The country announced this week that it would block the chat app because it had failed to give up encryption keys that would let authorities read messages being sent through it.

Since then, Russian officials have been banning the IP addresses that are used by the app, so that users in the country cannot connect to them. Doing so works like shutting down a certain address in real life: when people's computers try and visit it, there is nothing there and so the app does not work.

But, to counteract that, Telegram appears to have been engaged in IP hopping. That sees it move its address around the internet, meaning that even if one IP gets blacklisted, it can be connected to using another.

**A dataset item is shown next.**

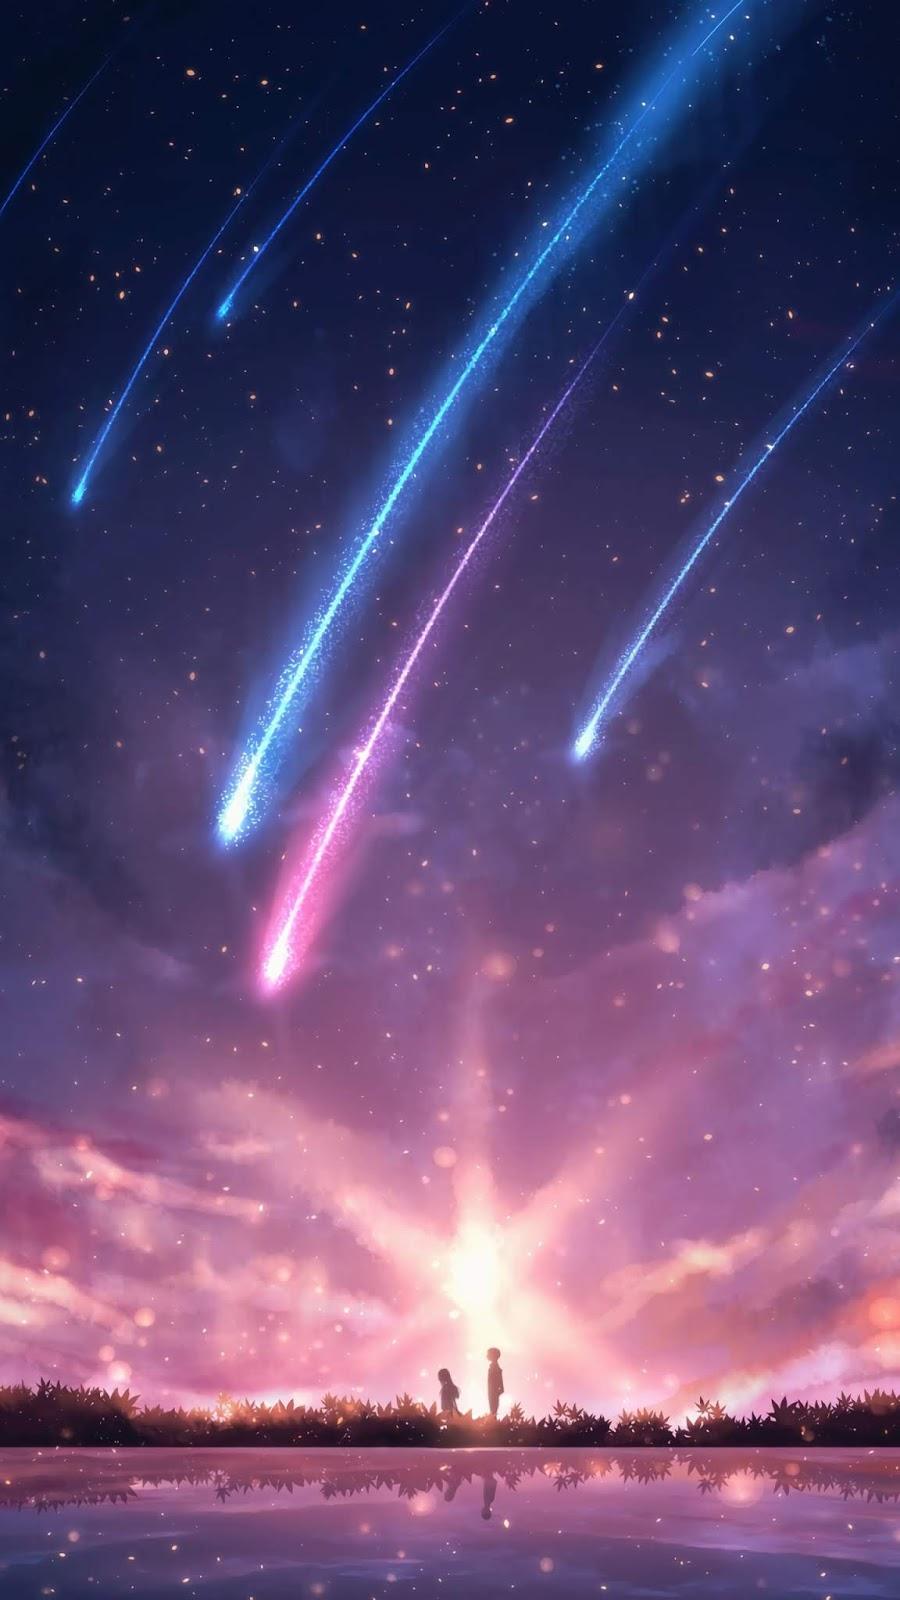 Starfall in the night

As Telegram moves, Russia attempts to shut down those new IP addresses, and has now blocked millions of them. But that process – described as Whack-A-Mole by Techcrunch, which first reported the outages – is taking down many of the world's biggest websites and internet services, too.

Websites including Amazon and Google have suffered problems from the outages. Services like Spotify are also being disrupted, and so are games such as Fortnite and PUBG.

Pavel Durov, the app's founder and CEO, thanked the internet services that are helping keep the site online – even as it disrupts their own services. He also said that Russian users were using technology that helped them get around the problems.

"Despite the ban, we haven’t seen a significant drop in user engagement so far, since Russians tend to bypass the ban with VPNs and proxies," he wrote on Telegram. "We also have been relying on third-party cloud services to remain partly available for our users there.

"Thank you for your support and loyalty, Russian users of Telegram. Thank you, Apple, Google, Amazon, Microsoft – for not taking part in political censorship."